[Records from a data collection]
══════════════════════════════

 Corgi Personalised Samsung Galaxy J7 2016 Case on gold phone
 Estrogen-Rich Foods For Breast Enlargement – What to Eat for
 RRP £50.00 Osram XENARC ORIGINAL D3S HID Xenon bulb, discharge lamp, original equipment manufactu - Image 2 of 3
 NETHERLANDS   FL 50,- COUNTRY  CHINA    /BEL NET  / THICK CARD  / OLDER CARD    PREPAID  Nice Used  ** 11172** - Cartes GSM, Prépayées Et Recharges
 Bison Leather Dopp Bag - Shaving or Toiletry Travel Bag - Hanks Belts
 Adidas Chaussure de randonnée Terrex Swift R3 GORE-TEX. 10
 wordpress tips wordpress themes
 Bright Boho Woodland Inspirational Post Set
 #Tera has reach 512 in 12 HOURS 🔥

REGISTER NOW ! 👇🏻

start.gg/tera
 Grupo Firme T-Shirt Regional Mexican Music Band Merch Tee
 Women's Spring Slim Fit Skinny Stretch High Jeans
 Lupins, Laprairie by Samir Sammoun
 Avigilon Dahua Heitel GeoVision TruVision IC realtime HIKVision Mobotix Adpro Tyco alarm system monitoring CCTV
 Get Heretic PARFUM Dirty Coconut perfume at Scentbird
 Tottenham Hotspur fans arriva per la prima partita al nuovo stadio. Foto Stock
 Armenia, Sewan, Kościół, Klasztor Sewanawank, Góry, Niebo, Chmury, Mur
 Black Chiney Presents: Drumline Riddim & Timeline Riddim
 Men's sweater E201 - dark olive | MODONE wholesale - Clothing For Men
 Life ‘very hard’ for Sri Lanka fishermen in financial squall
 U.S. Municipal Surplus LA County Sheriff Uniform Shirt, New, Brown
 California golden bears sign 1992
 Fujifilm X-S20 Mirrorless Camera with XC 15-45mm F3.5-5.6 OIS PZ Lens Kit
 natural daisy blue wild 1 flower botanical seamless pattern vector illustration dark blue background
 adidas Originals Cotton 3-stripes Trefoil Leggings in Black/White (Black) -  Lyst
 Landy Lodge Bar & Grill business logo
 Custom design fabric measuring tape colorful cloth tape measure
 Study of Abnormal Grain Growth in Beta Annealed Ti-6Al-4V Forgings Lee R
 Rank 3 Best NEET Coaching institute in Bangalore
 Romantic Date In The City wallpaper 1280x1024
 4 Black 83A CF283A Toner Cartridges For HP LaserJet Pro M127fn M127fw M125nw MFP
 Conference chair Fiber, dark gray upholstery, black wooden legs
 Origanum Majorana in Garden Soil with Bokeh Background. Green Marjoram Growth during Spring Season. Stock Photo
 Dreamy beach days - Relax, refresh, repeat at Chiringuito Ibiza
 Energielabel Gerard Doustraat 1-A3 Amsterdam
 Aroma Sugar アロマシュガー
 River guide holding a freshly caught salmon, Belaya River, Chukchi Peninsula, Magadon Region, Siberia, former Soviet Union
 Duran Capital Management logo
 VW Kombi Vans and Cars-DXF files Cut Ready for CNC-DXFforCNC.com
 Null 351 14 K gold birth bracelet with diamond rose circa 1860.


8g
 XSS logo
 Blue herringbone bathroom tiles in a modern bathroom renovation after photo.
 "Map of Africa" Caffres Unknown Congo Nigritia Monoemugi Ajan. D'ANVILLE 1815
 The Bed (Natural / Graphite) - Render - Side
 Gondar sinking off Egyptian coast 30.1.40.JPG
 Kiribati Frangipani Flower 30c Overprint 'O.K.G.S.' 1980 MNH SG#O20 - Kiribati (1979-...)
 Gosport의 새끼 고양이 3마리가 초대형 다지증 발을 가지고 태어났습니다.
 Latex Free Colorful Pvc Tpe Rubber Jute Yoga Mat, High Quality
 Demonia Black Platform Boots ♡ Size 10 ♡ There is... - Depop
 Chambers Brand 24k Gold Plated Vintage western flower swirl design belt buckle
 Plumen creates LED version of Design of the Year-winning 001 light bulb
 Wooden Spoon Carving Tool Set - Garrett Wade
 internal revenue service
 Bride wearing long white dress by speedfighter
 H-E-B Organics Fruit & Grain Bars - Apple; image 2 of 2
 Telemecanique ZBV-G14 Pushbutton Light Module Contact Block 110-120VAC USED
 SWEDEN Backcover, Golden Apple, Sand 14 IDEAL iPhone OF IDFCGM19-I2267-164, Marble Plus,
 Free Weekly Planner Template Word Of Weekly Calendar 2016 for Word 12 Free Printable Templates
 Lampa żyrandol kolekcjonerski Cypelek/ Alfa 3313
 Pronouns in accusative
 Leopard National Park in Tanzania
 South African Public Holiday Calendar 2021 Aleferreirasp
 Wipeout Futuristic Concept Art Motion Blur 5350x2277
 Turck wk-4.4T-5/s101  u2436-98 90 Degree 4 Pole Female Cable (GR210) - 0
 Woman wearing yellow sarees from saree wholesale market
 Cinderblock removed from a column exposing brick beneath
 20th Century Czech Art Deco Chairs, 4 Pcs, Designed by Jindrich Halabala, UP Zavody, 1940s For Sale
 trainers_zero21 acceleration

══════════════════════════════

Work instructions:
Retype, without changes, the lines from the line holding "Telemecanique ZBV-G14 Pushbutton" to the end of the data, both ends included.

Answer to this task:
 Telemecanique ZBV-G14 Pushbutton Light Module Contact Block 110-120VAC USED
 SWEDEN Backcover, Golden Apple, Sand 14 IDEAL iPhone OF IDFCGM19-I2267-164, Marble Plus,
 Free Weekly Planner Template Word Of Weekly Calendar 2016 for Word 12 Free Printable Templates
 Lampa żyrandol kolekcjonerski Cypelek/ Alfa 3313
 Pronouns in accusative
 Leopard National Park in Tanzania
 South African Public Holiday Calendar 2021 Aleferreirasp
 Wipeout Futuristic Concept Art Motion Blur 5350x2277
 Turck wk-4.4T-5/s101  u2436-98 90 Degree 4 Pole Female Cable (GR210) - 0
 Woman wearing yellow sarees from saree wholesale market
 Cinderblock removed from a column exposing brick beneath
 20th Century Czech Art Deco Chairs, 4 Pcs, Designed by Jindrich Halabala, UP Zavody, 1940s For Sale
 trainers_zero21 acceleration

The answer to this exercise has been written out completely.